We want Claude to return a predictable JSON structure so the rest of the code can consume it without guessing.

Python
# analysis_schema.py

ANALYSIS_SCHEMA = {
    "type": "object",
    "properties": {
        "dataset_summary": {
            "type": "object",
            "properties": {
                "row_count": {"type": "integer"},
                "column_count": {"type": "integer"},
                "columns": {
                    "type": "array",
                    "items": {
                        "type": "object",
                        "properties": {
                            "name": {"type": "string"},
                            "dtype": {"type": "string"},
                            "missing_pct": {"type": "number"},
                            "unique_values": {"type": "integer"}
                        },
                        "required": ["name", "dtype", "missing_pct", "unique_values"]
                    }
                }
            },
            "required": ["row_count", "column_count", "columns"]
        },
        "statistics": {
            "type": "array",
            "items": {
                "type": "object",
                "properties": {
                    "column": {"type": "string"},
                    "mean": {"type": "number"},
                    "median": {"type": "number"},
                    "std_dev": {"type": "number"},
                    "min": {"type": "number"},
                    "max": {"type": "number"}
                },
                "required": ["column", "mean", "median", "std_dev", "min", "max"]
            }
        },
        "trends": {
            "type": "array",
            "items": {
                "type": "object",
                "properties": {
                    "description": {"type": "string"},
                    "confidence": {"type": "string"},
                    "affected_columns": {
                        "type": "array",
                        "items": {"type": "string"}
                    }
                },
                "required": ["description", "confidence", "affected_columns"]
            }
        },
        "outliers": {
            "type": "array",
            "items": {
                "type": "object",
                "properties": {
                    "column": {"type": "string"},
                    "value": {"type": "number"},
                    "row_index": {"type": "integer"},
                    "reason": {"type": "string"}
                },
                "required": ["column", "value", "row_index", "reason"]
            }
        },
        "chart_suggestions": {
            "type": "array",
            "items": {
                "type": "object",
                "properties": {
                    "chart_type": {"type": "string"},
                    "title": {"type": "string"},
                    "x_axis": {"type": "string"},
                    "y_axis": {"type": "string"},
                    "description": {"type": "string"}
                },
                "required": ["chart_type", "title", "x_axis", "y_axis", "description"]
            }
        },
        "key_insights": {
            "type": "array",
            "items": {"type": "string"}
        }
    },
    "required": [
        "dataset_summary",
        "statistics",
        "trends",
        "outliers",
        "chart_suggestions",
        "key_insights"
    ]
}

Why a schema?

When you pass this schema to Claude via the structured output feature the model is forced to return valid JSON that matches every required field. No manual parsing or regex needed.

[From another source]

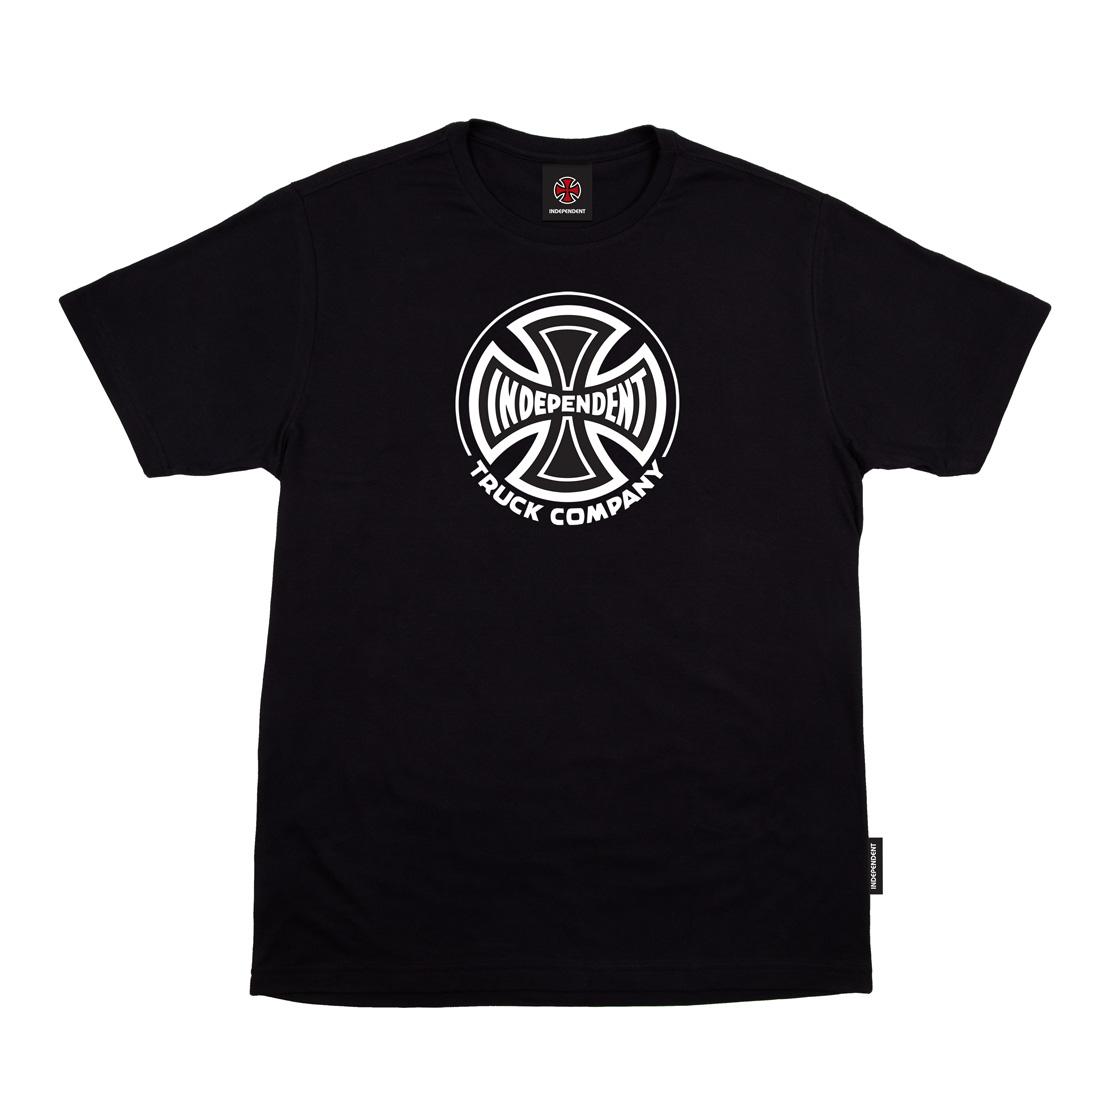 Camiseta Independent Truck Co Preta

Step 3 — Read the CSV and Build a Data Summary

Python
# dashboard.py  (part 1)

from analysis_schema import ANALYSIS_SCHEMA

def read_csv(path: str) -> pd.DataFrame:
    """Read a CSV and return a DataFrame."""
    df = pd.read_csv(path)
    print(f"Loaded {len(df)} rows, {len(df.columns)} columns from {path}")
    return df


def build_data_summary(df: pd.DataFrame) -> str:
    """Create a text summary Claude can consume."""
    lines = []
    lines.append(f"Dataset: {len(df)} rows x {len(df.columns)} columns")
    lines.append("")
    lines.append("Column info:")
    for col in df.columns:
        dtype = str(df[col].dtype)
        missing = df[col].isna().sum()
        unique = df[col].nunique()
        lines.append(f"  - {col}: type={dtype}, missing={missing}, unique={unique}")

    lines.append("")
    lines.append("First 5 rows (CSV):")
    lines.append(df.head().to_csv(index=False))

    lines.append("")
    lines.append("Descriptive statistics:")
    lines.append(df.describe(include="all").to_string())

    return "\n".join(lines)

Key decisions

We send the first 5 rows so Claude understands the shape of the data.
We include describe() output so the model has raw stats to reference.
Keeping the payload text-based avoids token-heavy base64 images.

Step 4 — Call Claude with Structured Outputs

Python
# dashboard.py  (part 2)

def analyze_with_claude(data_summary: str) -> dict:
    """Send the data summary to Claude and get structured analysis."""
    client = anthropic.Anthropic()  # uses ANTHROPIC_API_KEY env var

    system_prompt = """You are a senior data analyst AI.
You will receive a summary of a CSV dataset including column metadata,
sample rows, and descriptive statistics.

Your task:
1. Summarize the dataset structure.
2. Compute or confirm key statistics for every numeric column.
3. Identify trends (time-based, correlations, patterns).
4. Flag outliers with a clear reason.
5. Suggest charts that would best visualize the data.
6. Provide 3-5 key insights a business user would care about.

Be precise.  Use the numbers from the provided statistics.
If you are unsure about a trend, say so in the confidence field."""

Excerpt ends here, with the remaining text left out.